Member of the Arizona Senate from the Yavapai County district
- In office January 1921 – December 1922
- Preceded by: A. A. Johns Charles P. Hicks
- Succeeded by: Charles H. Rutherford Howard Cornick

Member of the Arizona Territory House of Representatives from the Yavapai County district
- In office 1907–1908

Personal details
- Born: 1866 Wales
- Died: January 11, 1930 (aged 63–64) Los Angeles, California
- Party: Republican
- Spouse: Etta
- Children: Victoria
- Profession: Politician, mining engineer

= David Morgan (Arizona politician) =

American politician from Arizona (1866–1930)

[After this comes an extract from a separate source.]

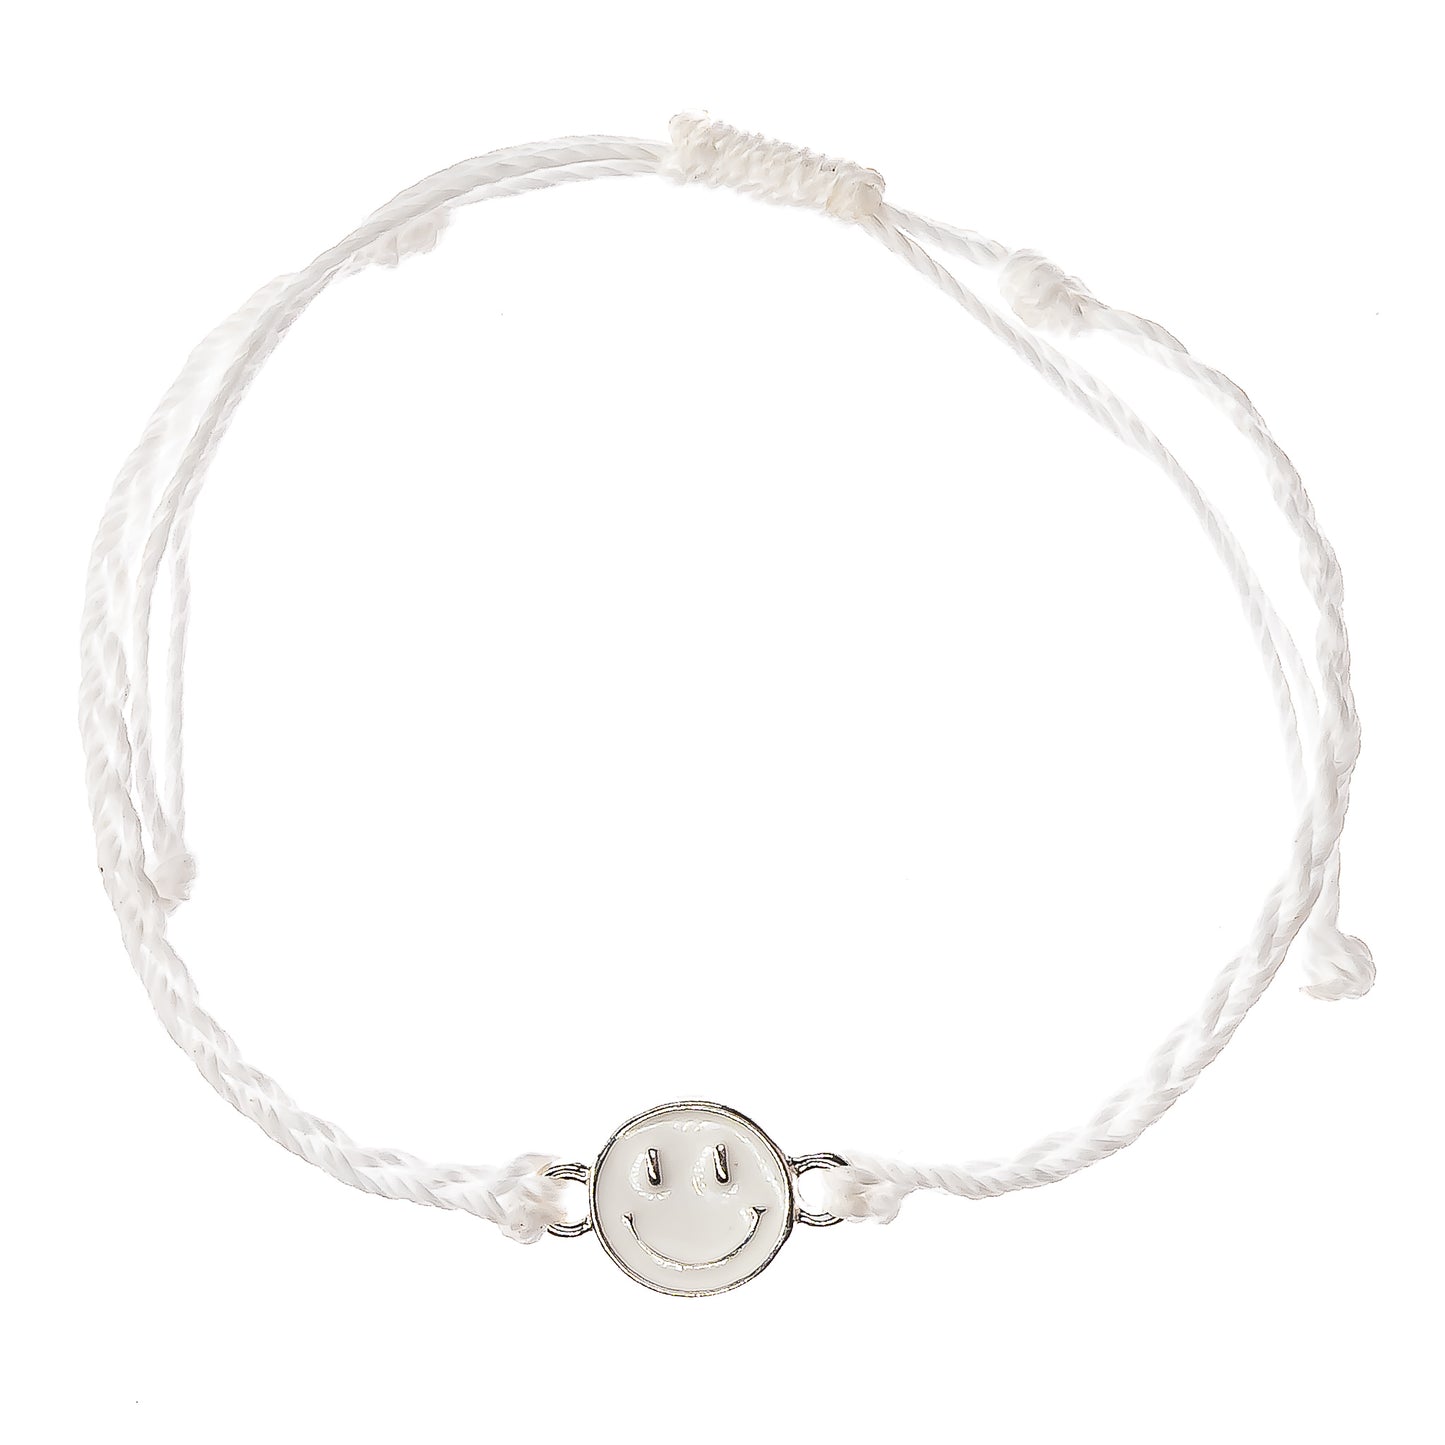 white smiley face charm string bracelet

David Morgan was an American politician from Arizona. He served a single term in the Arizona State Senate during the 5th Arizona State Legislature, holding one of the two seats from Yavapai County.

==Biography==
Morgan was born in Wales in 1866. He immigrated to the United States in 1883. Upon his arrival in States, he briefly went to work in the coal mines in Pennsylvania, before heading further west, working in several different states, before ending up in Arizona. Morgan was married to Etta Morgan. The couple had one daughter, Virginia. Morgan lived in Jerome, Arizona.

By 1900, Morgan was involved in the mining industry in Yuma County, Arizona. In 1901 he had moved north, into Yavapai County, where he and a partner discovered the Lucky Dave mine. In 1902 he was the foreman of the Congress Mine, as well as working his own mining claims. It was discovered several years later that in 1902 Morgan was one of three mining officials targeted in a murder plot by union organizers at the Congress Mine. However, the plot was exposed prior to it being carried out, and the conspirators fled the jurisdiction. In 1904 he left the Congress mine, and became the foreman of the Imperial Mine.

In 1906 he was one of the three Republicans elected to the Arizona Territorial Legislature as members of the Arizona House of Representatives. However, after his election, due to work considerations, Morgan did not feel that he could execute his duties as a representative and tendered his resignation prior to the legislature convening in January 1907. Republican leaders asked him to reconsider, and he rescinded his resignation and joined the legislative body in February 1907. In 1911, Morgan left his position at the Imperial mine. He next went to work for the United Verde Extension Company, and while working for them was credited for the discovery of the large copper ore vein which made it the "biggest body of high grade copper ore in the world." In 1917, Morgan moved on from the United Verde Extension to become the manager of the Verde Combination Mining Company.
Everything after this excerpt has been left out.